Describing the situation as “uneasy”, he advised all the Olympic aspirants to take care of their mental health. “Apart from physical health, it is important that players take care of their mental health. I request everyone to follow the guidelines [of their respective countries] during the time,” he said.

The Englishman attributed his rise to his coach Gavin Evans, with whom he began working towards the end of 2019. “I have known him [Evans] for a long time. We’ve played together. It takes time for everything to come together. I trusted the process and the results came. In fact, I am surprised at my own growth. Actually two great performances [reaching the semifinals of Hungary Open in February and the Qatar Open final in March] have boosted my confidence,” said Pitchford, who is world-ranked 22 and he is expected to be in the top 15 when ITTF releases the ranking list on April 15.

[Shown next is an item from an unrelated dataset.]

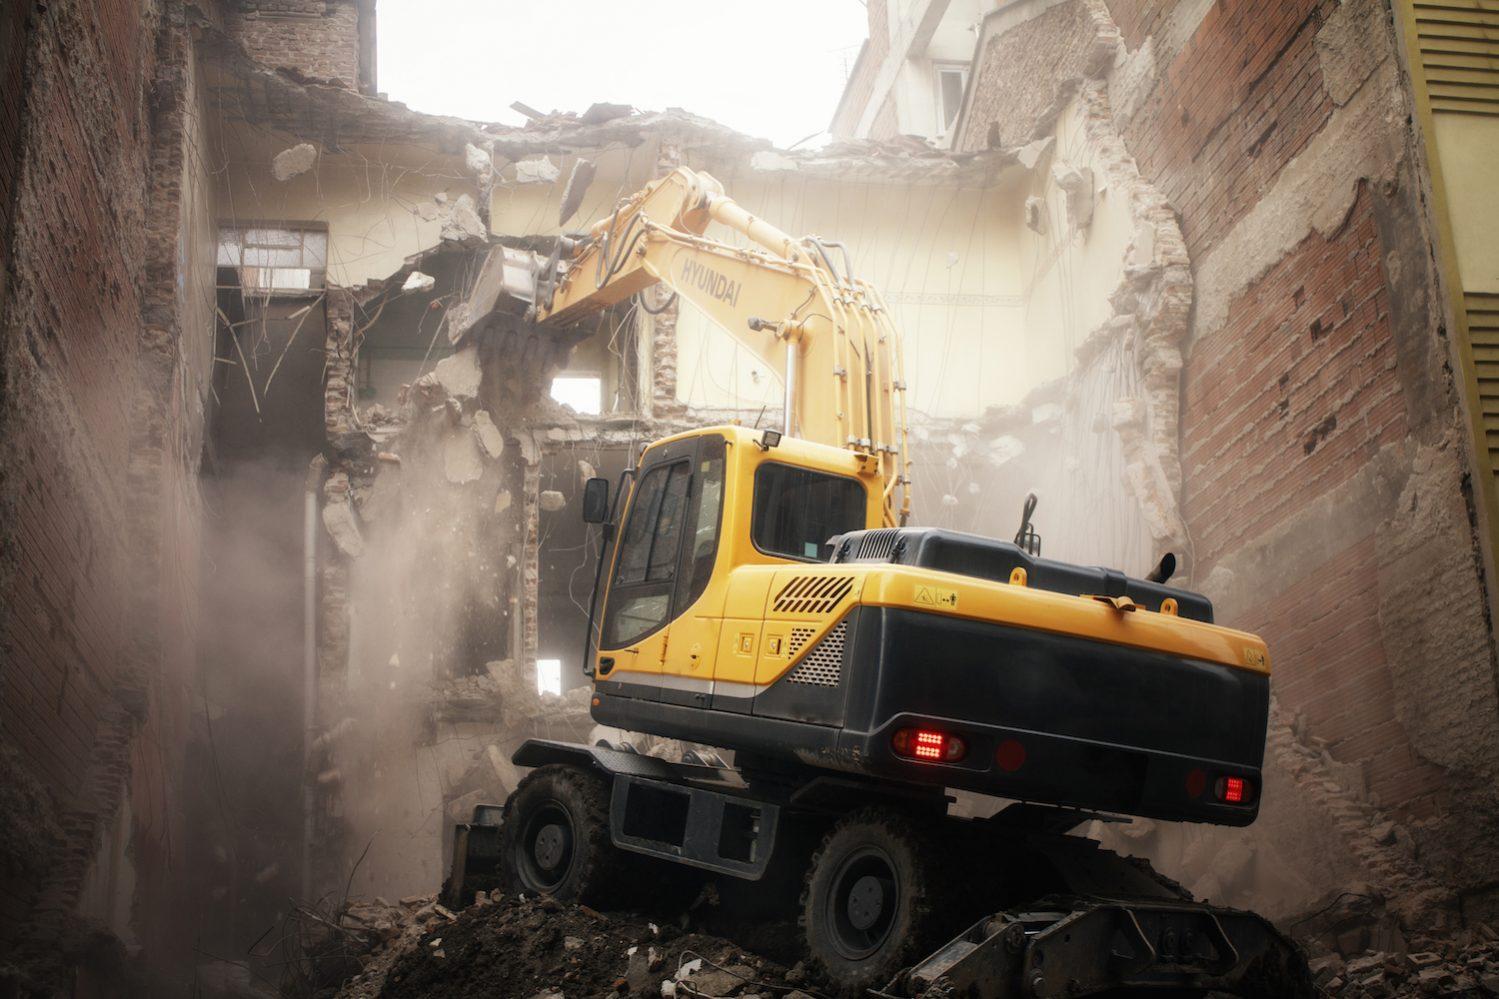 Yellow excavator demolishing abandoned brick building

Pitchford’s career-best ranking was 12 in August last year, but he felt this was the best phase of his career. “I feel like I am a more rounded player now and have improved on my weakness,” he said.

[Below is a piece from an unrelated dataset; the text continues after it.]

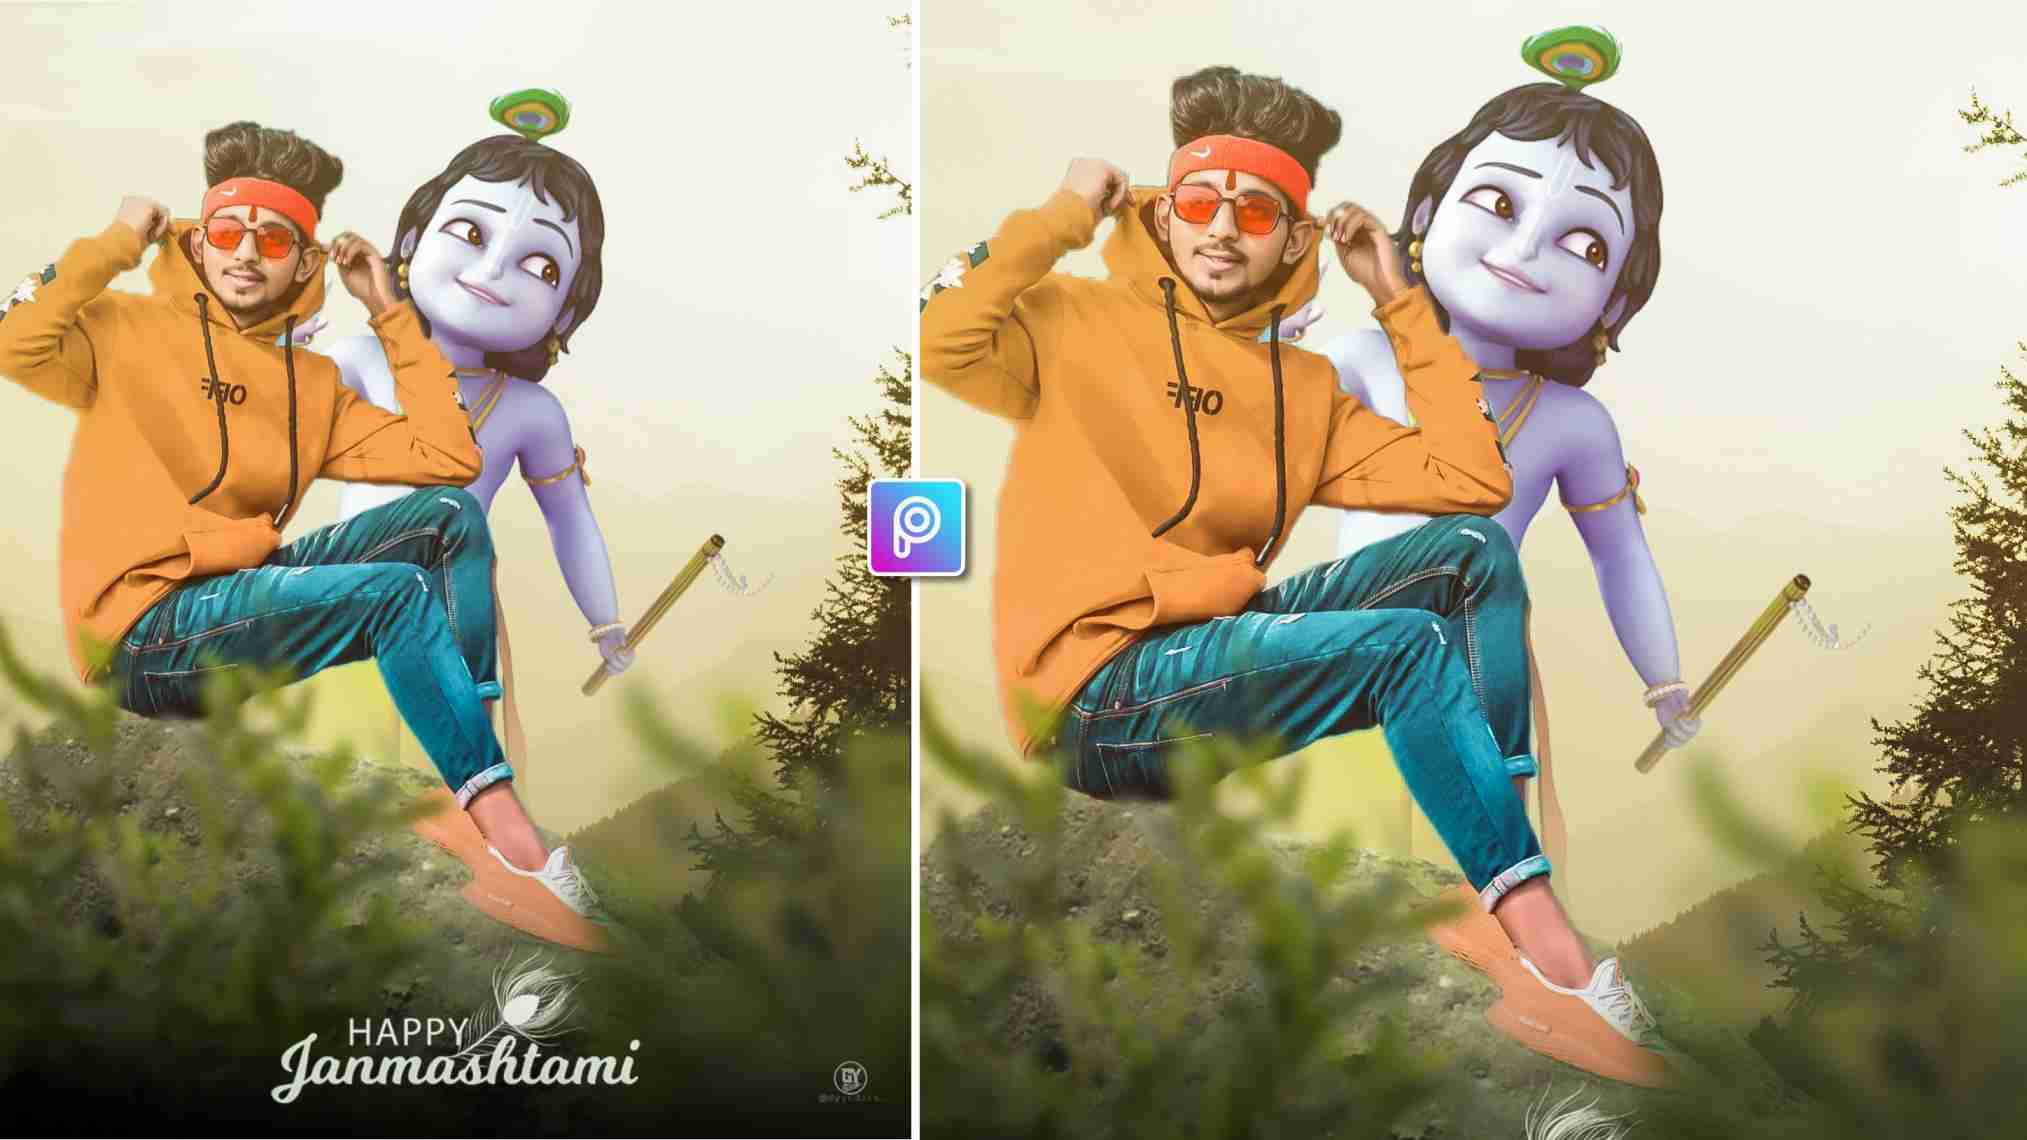 Krishna Janmashtami Photo Editing

Sharath Kamal, who has played a lot with Pitchford since 2009, traced his career. “He was dubbed a child prodigy. It took him a while to find his balance. His forehand, which was weak earlier, has become fantastic. His backhand is superb. He beat Ma Long in the first round of the 2018 Bulgarian Open. Since then, he has been quite consistent,” said the Indian.


Pitchford has fond memories of the first two editions of the Ultimate Table Tennis League in India. “It brought out the best in me,” said the Commonwealth Games medallist, who has verbally informed the UTT organisers of his keenness to participate in the forthcoming edition.

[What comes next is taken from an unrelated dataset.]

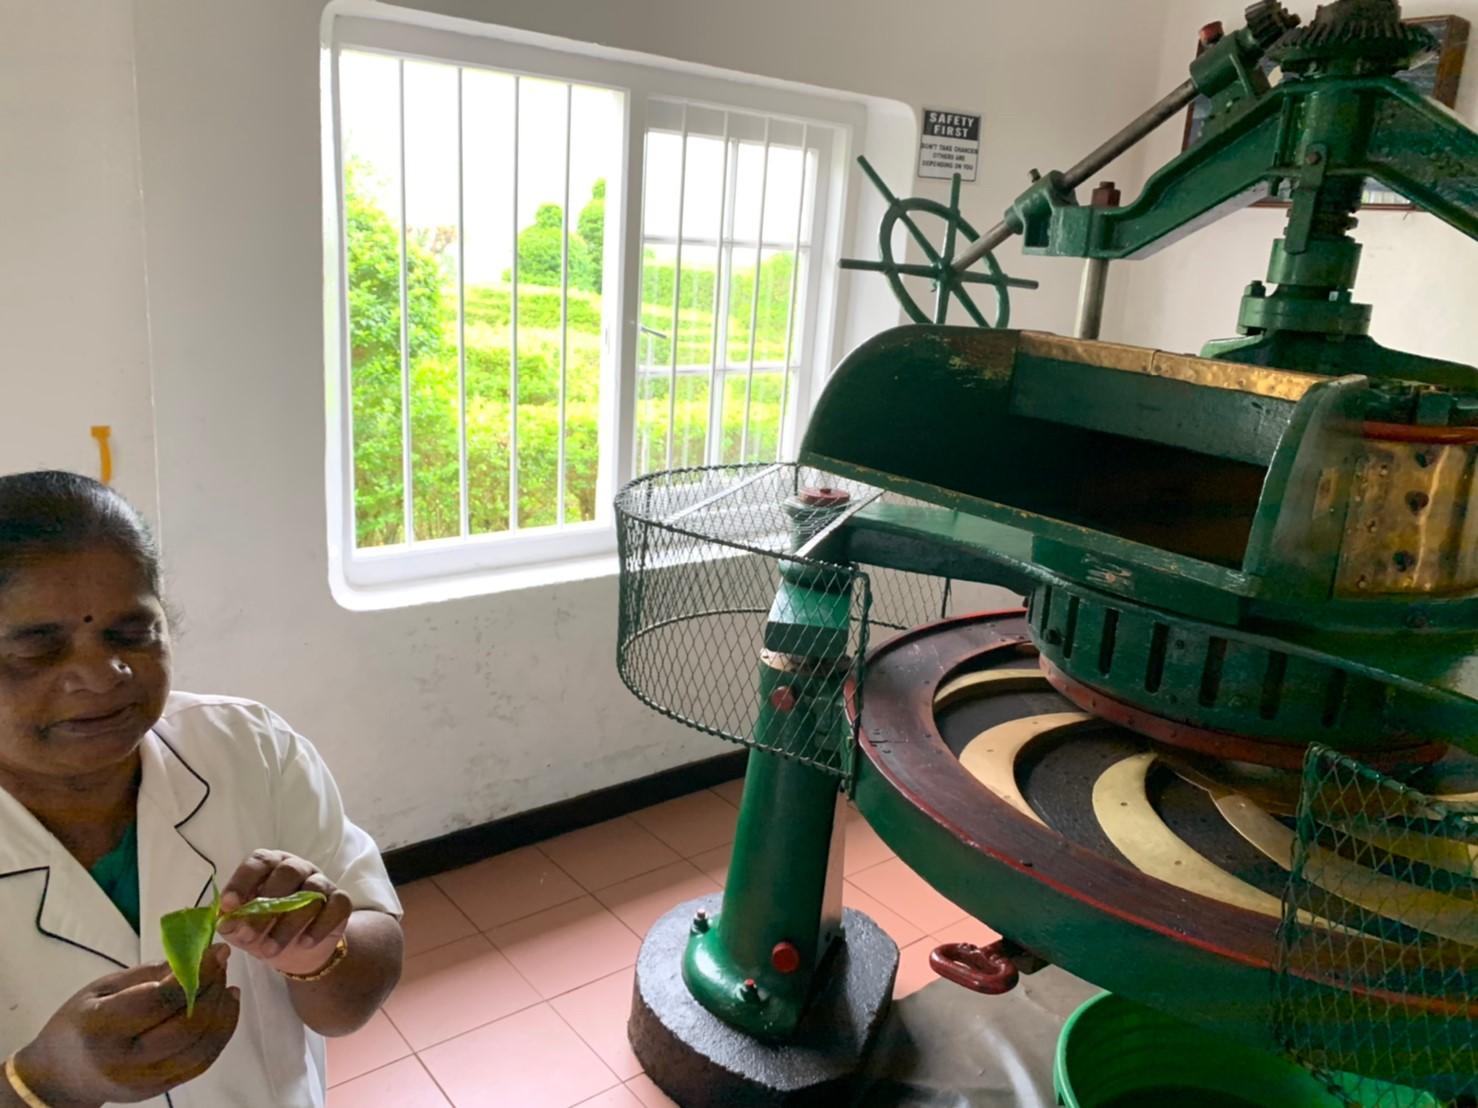 茶葉をすりつぶす機械

Pitchford said there is a lot of depth in the Indian men’s team now. “Earlier Sharath used to be the torchbearer of the team. Now there are 6-7 players challenging him,” he said.

Pitchford is looking forward to a medal in the Tokyo Olympics. “I hope to qualify based on my rankings. At the moment, it is difficult to say anything. There is a lot of pressure in the Olympics. Winning a medal at the Olympics is a dream for me. I believe I have a chance,” he said.